*WORK REQUIRED*.
Would you return the lines between the one holding "MAYBELLINE Tattoo Brow Tint Micro-Pen 1.1ml" and the one holding "Декоративная полка Decomaster", inclusive, and only those, exactly as they stand in the listing below?

*** Opening of RECORDED DATA ***

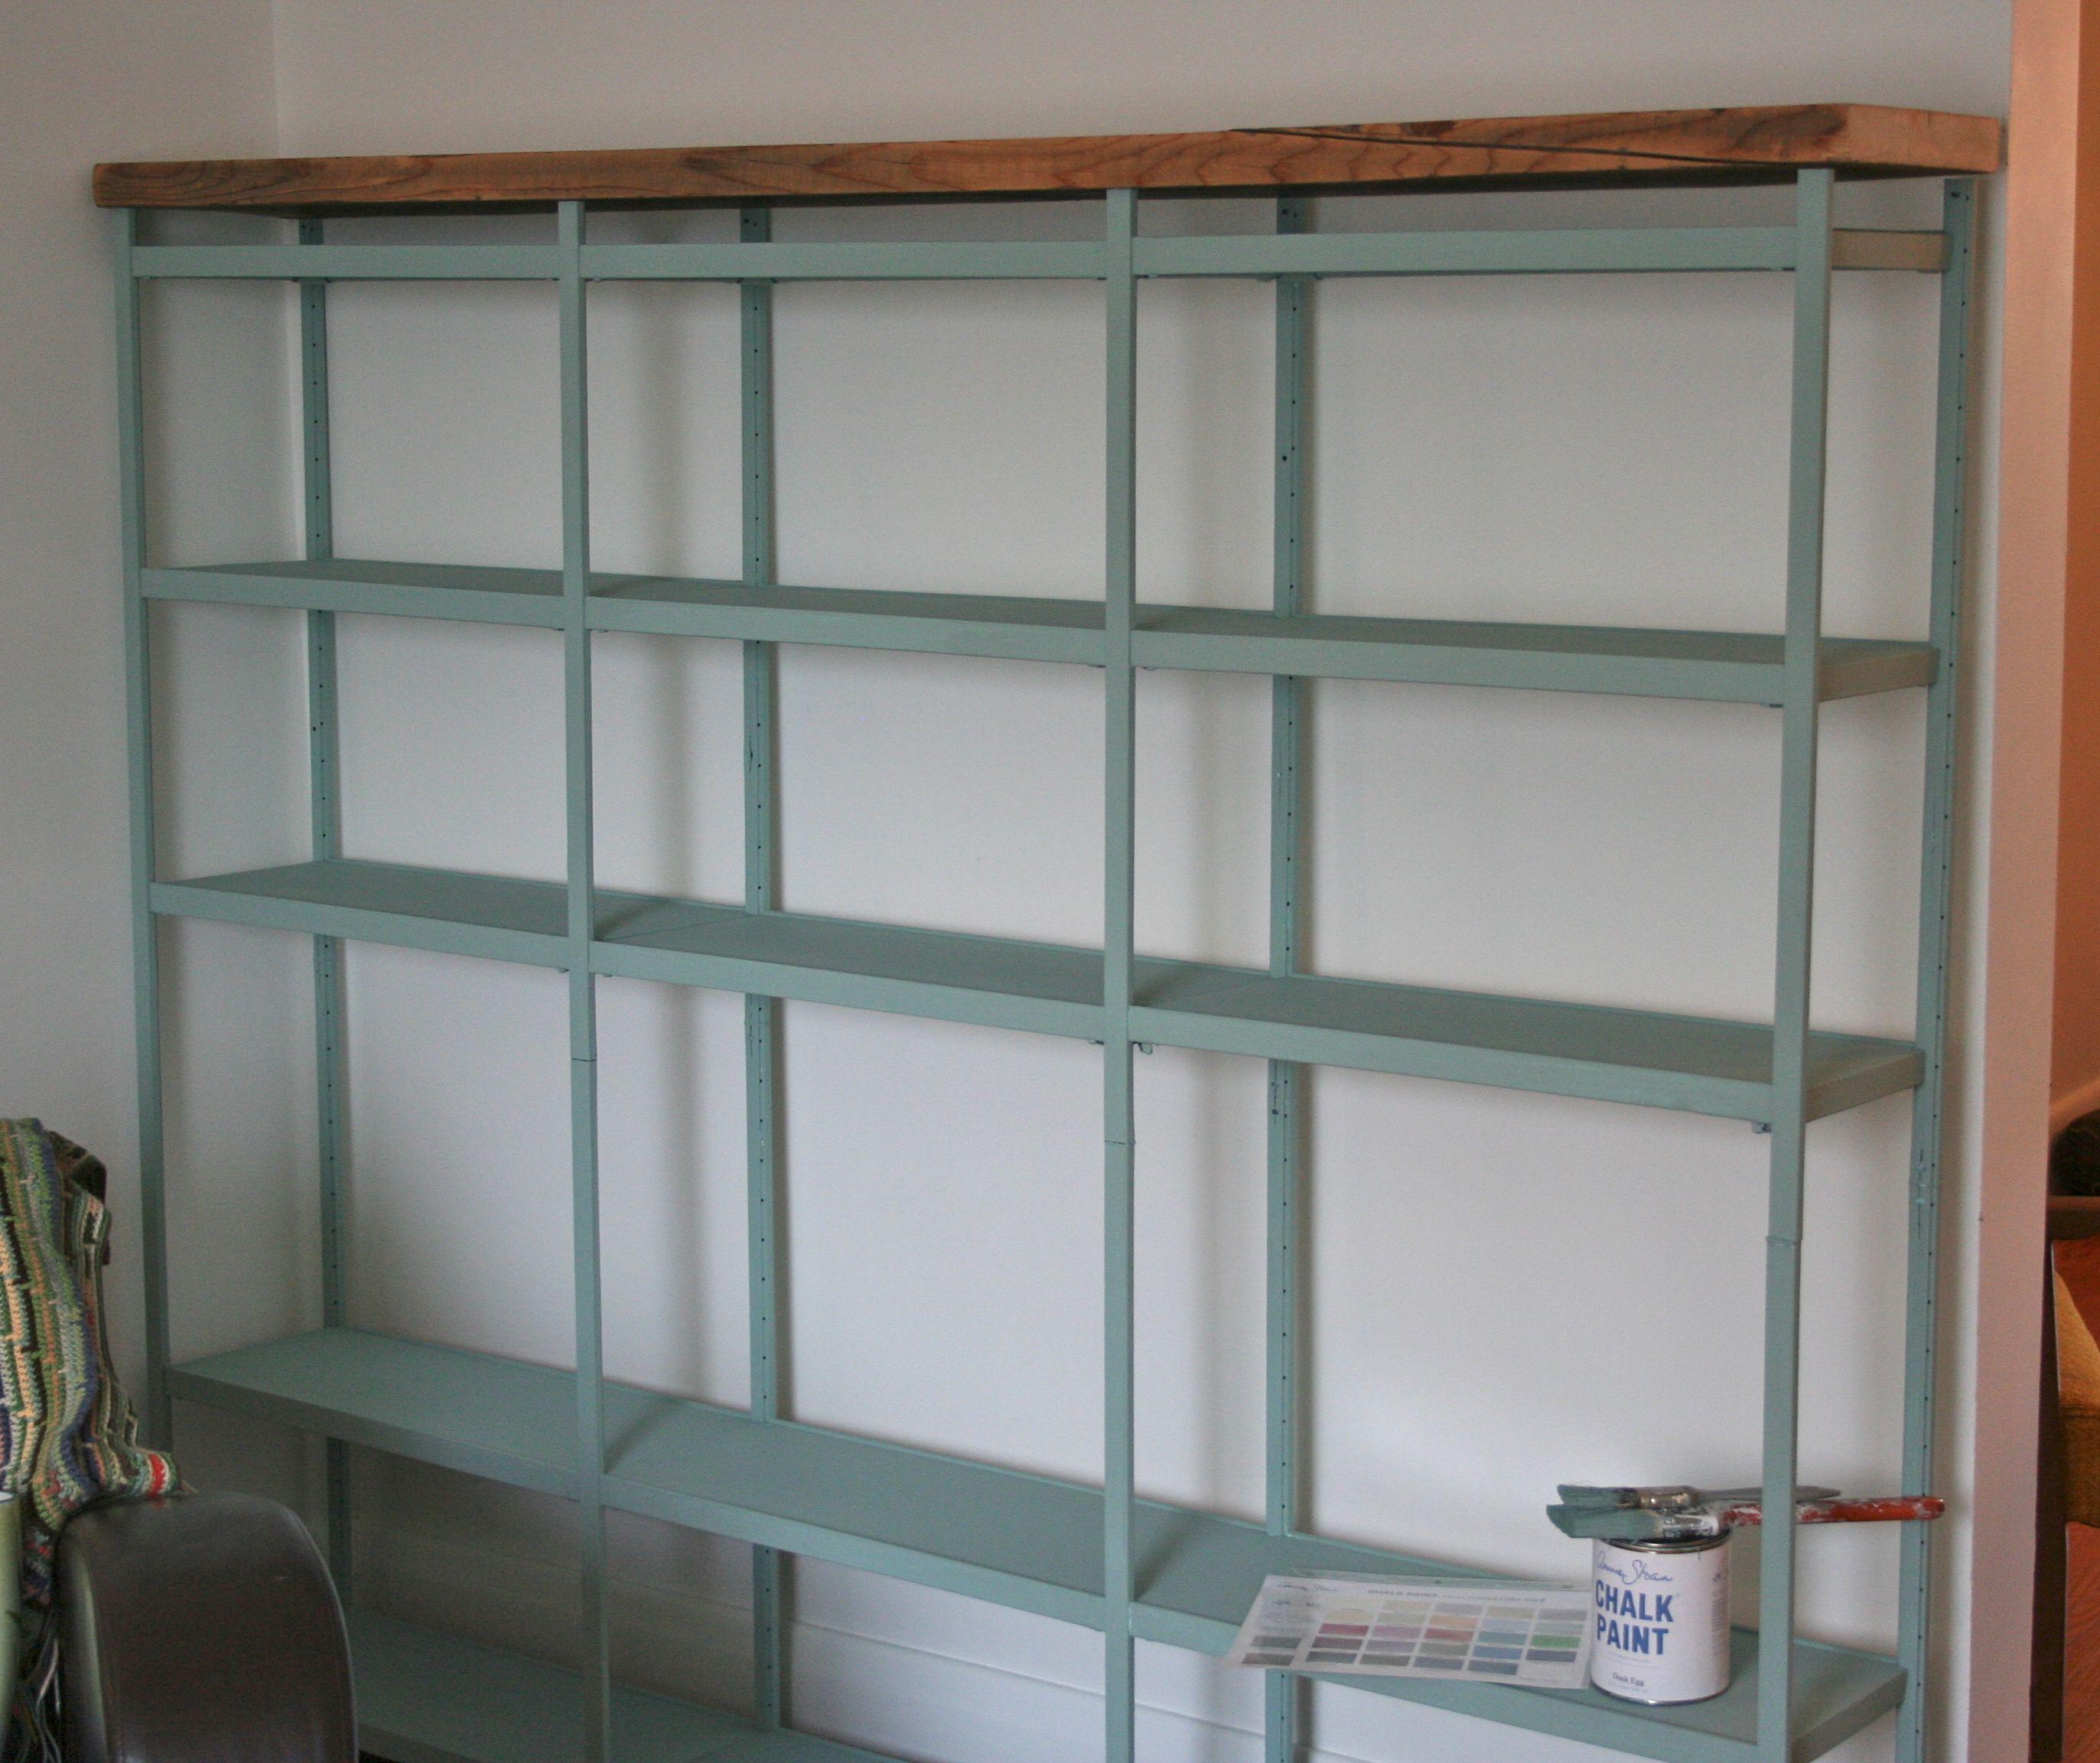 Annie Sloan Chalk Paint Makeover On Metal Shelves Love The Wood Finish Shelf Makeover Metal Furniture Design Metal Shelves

*** Close of RECORDED DATA ***
*** Opening of RECORDED DATA ***

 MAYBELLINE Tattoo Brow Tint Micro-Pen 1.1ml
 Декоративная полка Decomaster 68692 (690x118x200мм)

*** Close of RECORDED DATA ***

*OUTPUT OF THE TASK*.
 MAYBELLINE Tattoo Brow Tint Micro-Pen 1.1ml
 Декоративная полка Decomaster 68692 (690x118x200мм)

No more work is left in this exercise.